Janner's father Barnett Janner, a Liberal and then Labour MP

Janner was born in Cardiff, Wales, to Lithuanian Jewish (Litvak) parents, the son of Barnett Janner and Elsie Sybil, née Cohen. Janner and Ruth, his sister (later Lady Morris of Kenwood), were evacuated to Canada at the age of 11, because their parents anticipated a Nazi invasion of Britain. While in Canada, living with family friends, he attended Bishop's College School, Lennoxville, Quebec. Janner returned to Britain in 1942 and attended St Paul's School, London.

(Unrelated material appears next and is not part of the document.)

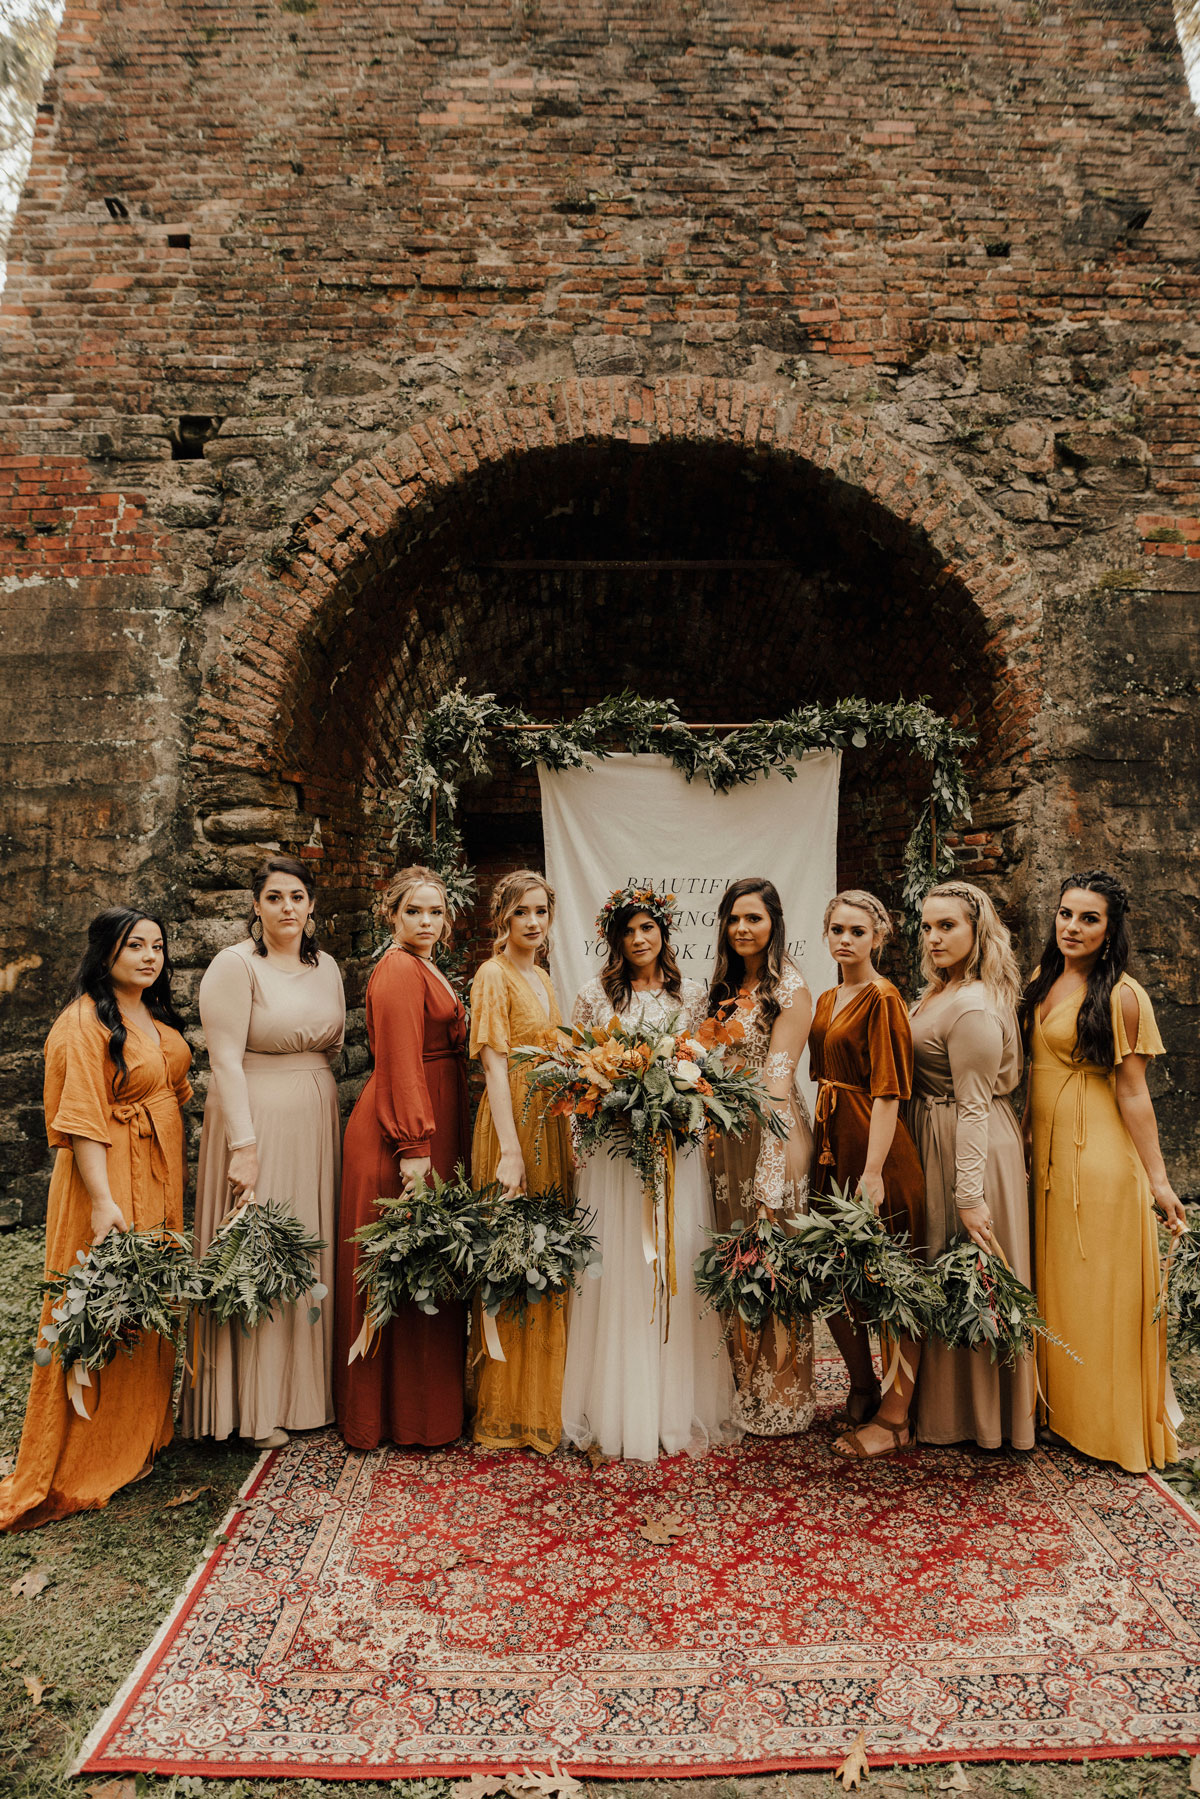 mustard color bridesmaid dresses

At the age of 18, he served in occupied Germany working for the War Crimes Investigation Unit of the British Army of the Rhine for 18 months. Janner investigated cases of British airmen who were shot at Stalag Luft III, the prisoner of war camp. At weekends, he worked with Holocaust survivors at Bergen-Belsen. The army unit was closed in 1948 to Janner's dismay.

Later, Janner read law at Trinity Hall, Cambridge, where he was President of the Cambridge Union Society, in 1952, and chairman of the university Labour Club. He became the international secretary of the National Association of Labour Students and president of Trinity Hall Athletic Club. Janner was able to attend Harvard Law School through both the Fulbright and Smith-Mundt Act awards.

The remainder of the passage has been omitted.